Your instructions:
Could you copy exactly the lines below, beginning at the line with "ABOUT HARD GEL ON PRACTICE HAND" and stopping after the line with "Skechers Women SKECH-AIR", with no pictures?

Start of Data to process

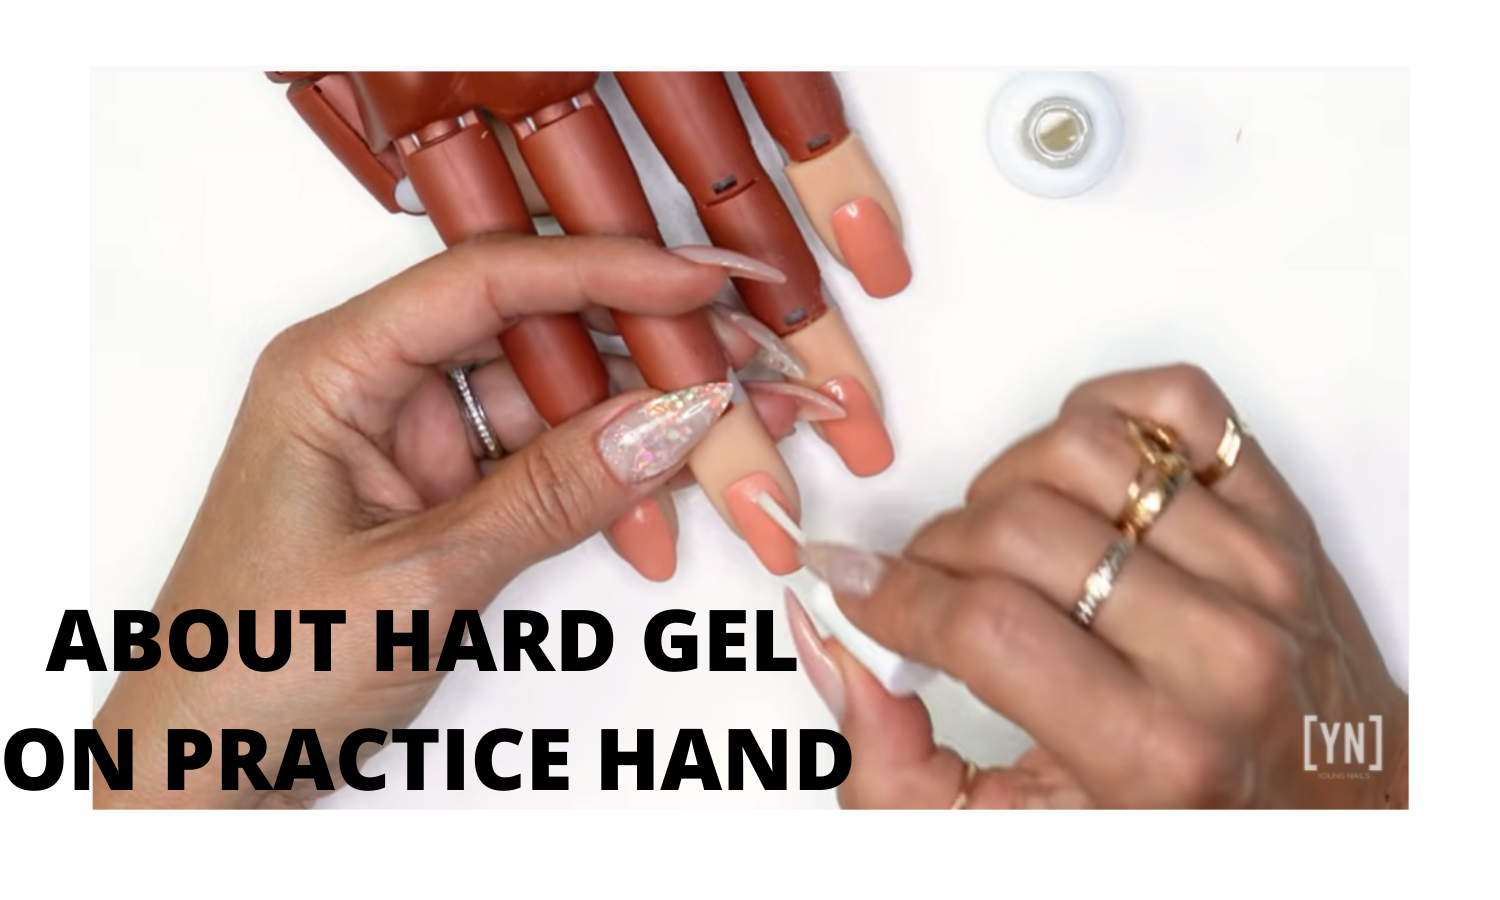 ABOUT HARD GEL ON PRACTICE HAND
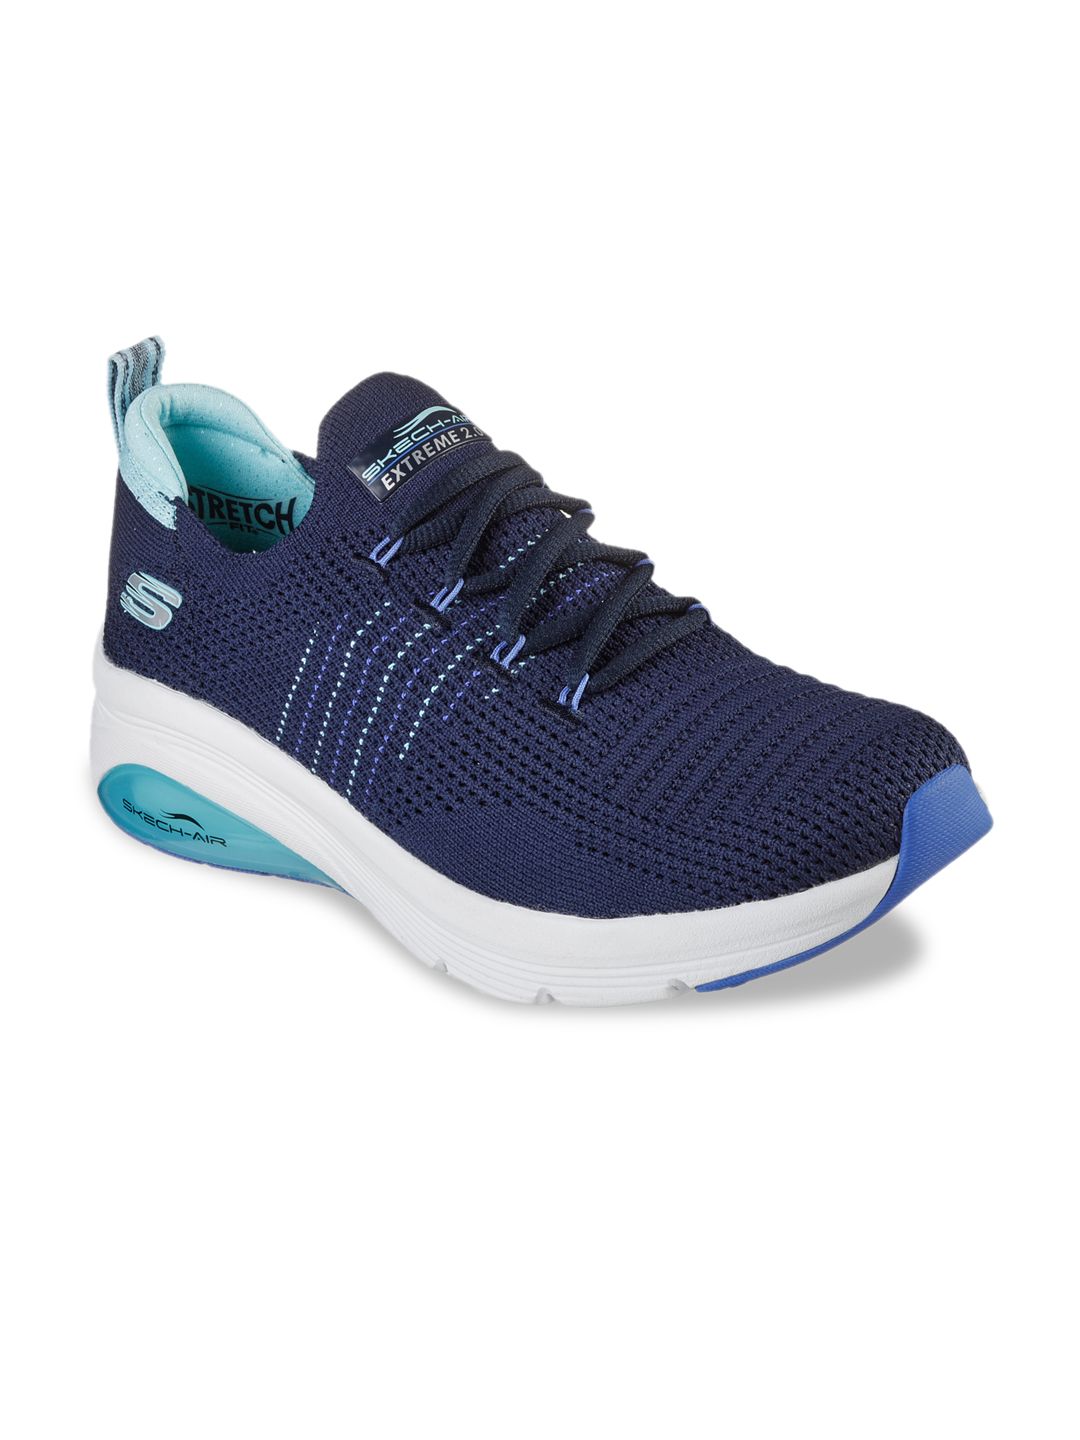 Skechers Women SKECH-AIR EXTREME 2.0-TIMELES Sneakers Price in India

End of Data to process
Start of Data to process

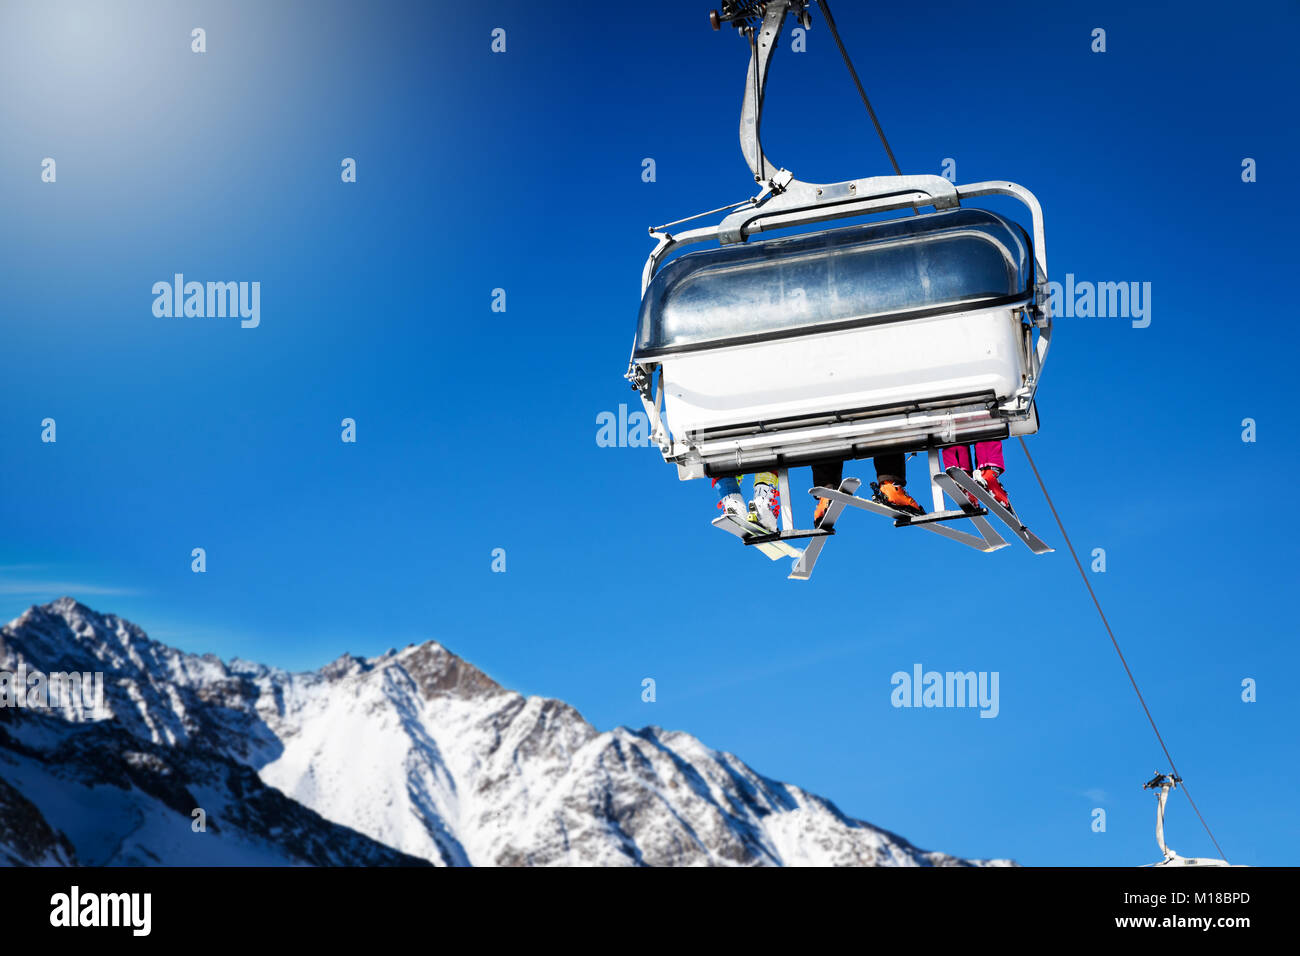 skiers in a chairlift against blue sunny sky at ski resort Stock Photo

End of Data to process
Start of Data to process

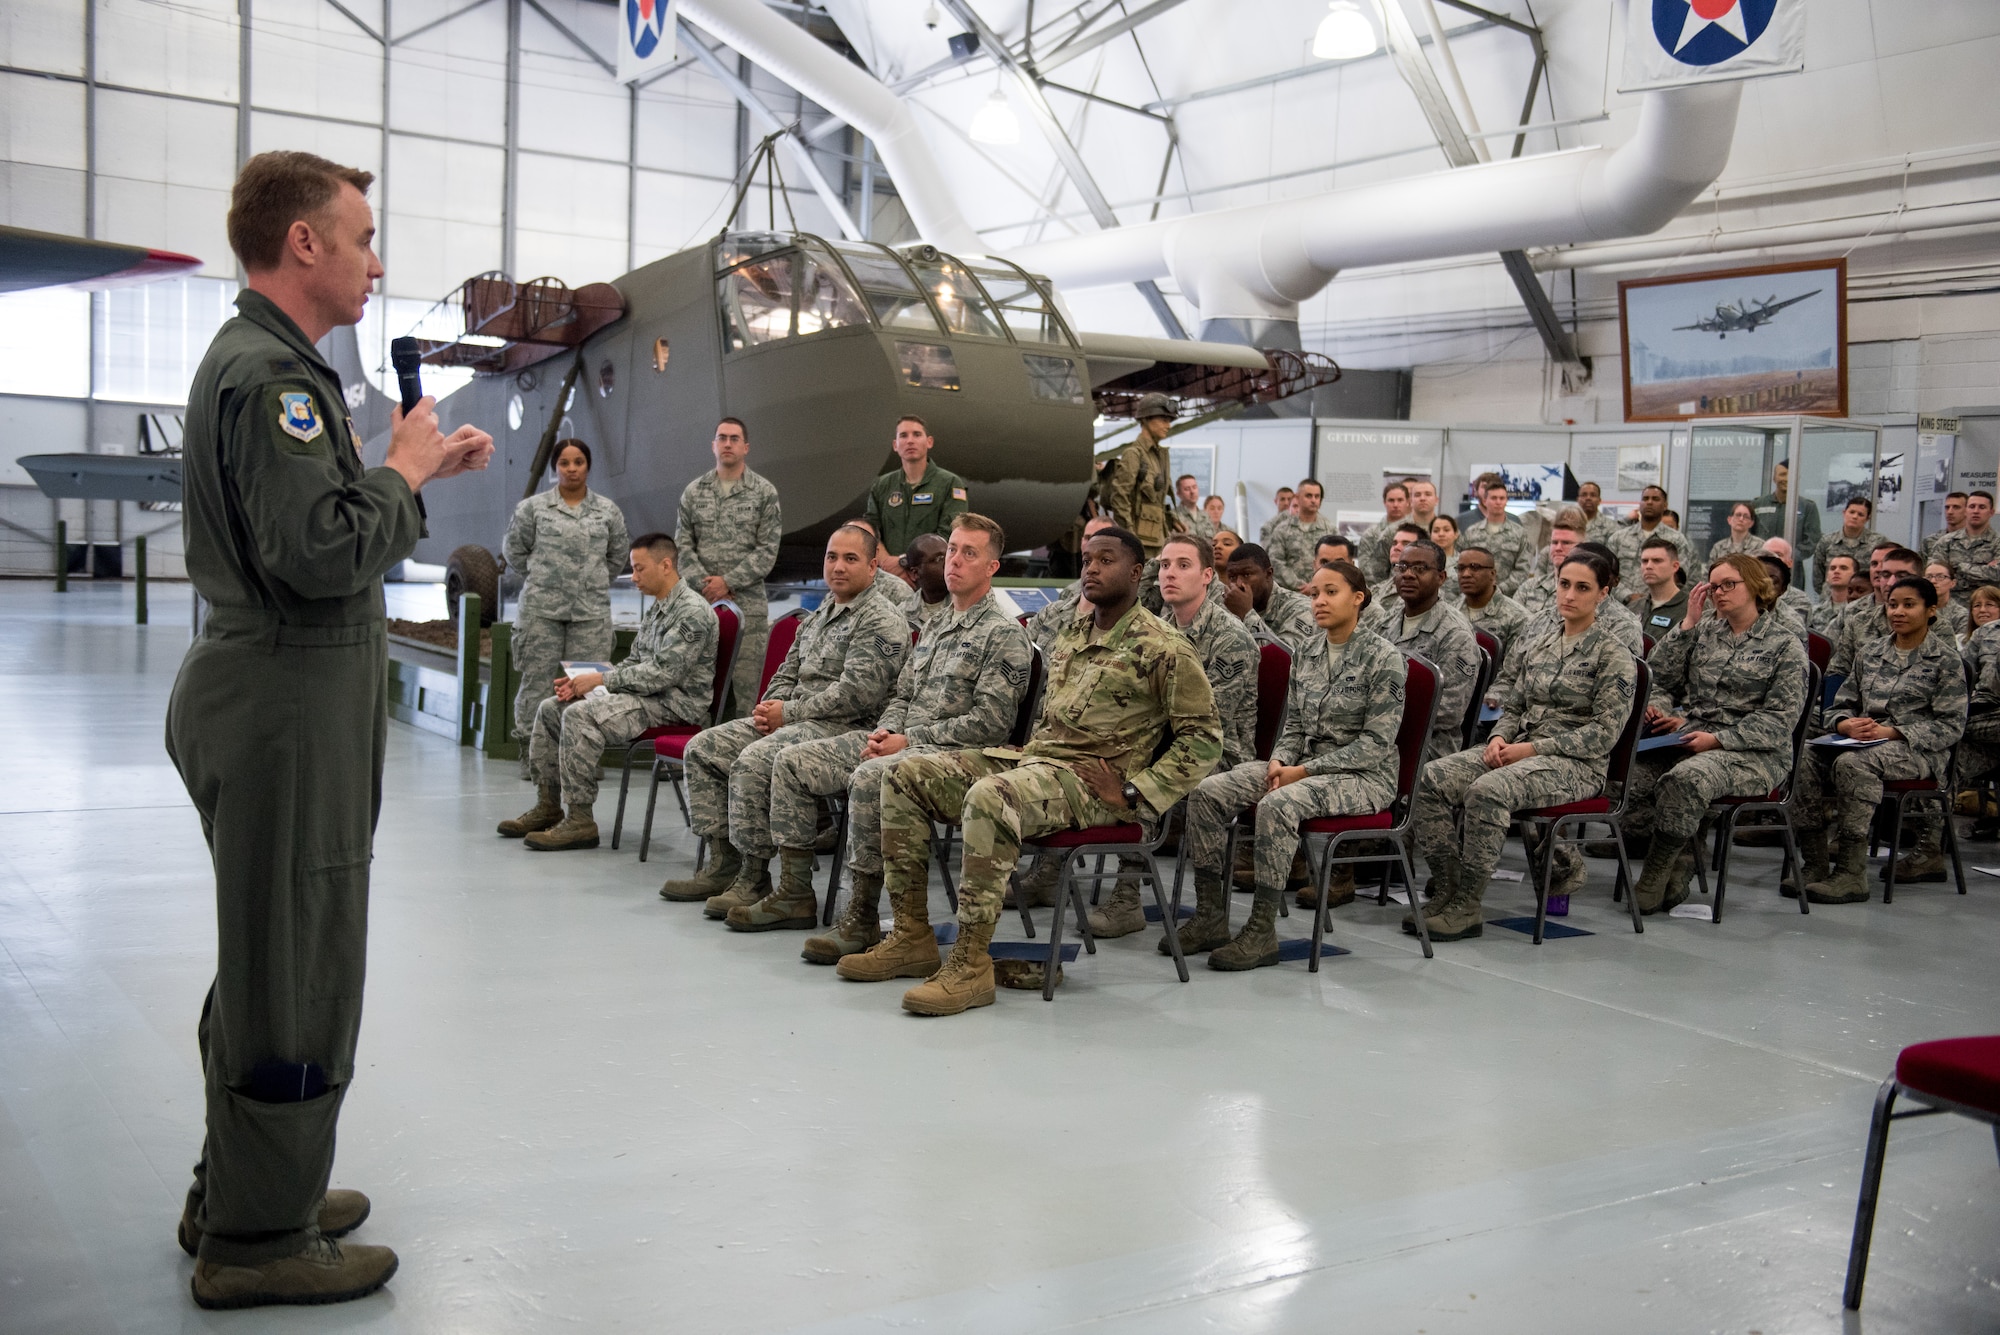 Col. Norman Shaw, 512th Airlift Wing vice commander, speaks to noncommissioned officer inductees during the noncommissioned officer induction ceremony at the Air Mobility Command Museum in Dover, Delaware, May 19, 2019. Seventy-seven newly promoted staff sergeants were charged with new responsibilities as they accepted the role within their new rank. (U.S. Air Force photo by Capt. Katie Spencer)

End of Data to process

Exercise response:
 ABOUT HARD GEL ON PRACTICE HAND
 Skechers Women SKECH-AIR EXTREME 2.0-TIMELES Sneakers Price in India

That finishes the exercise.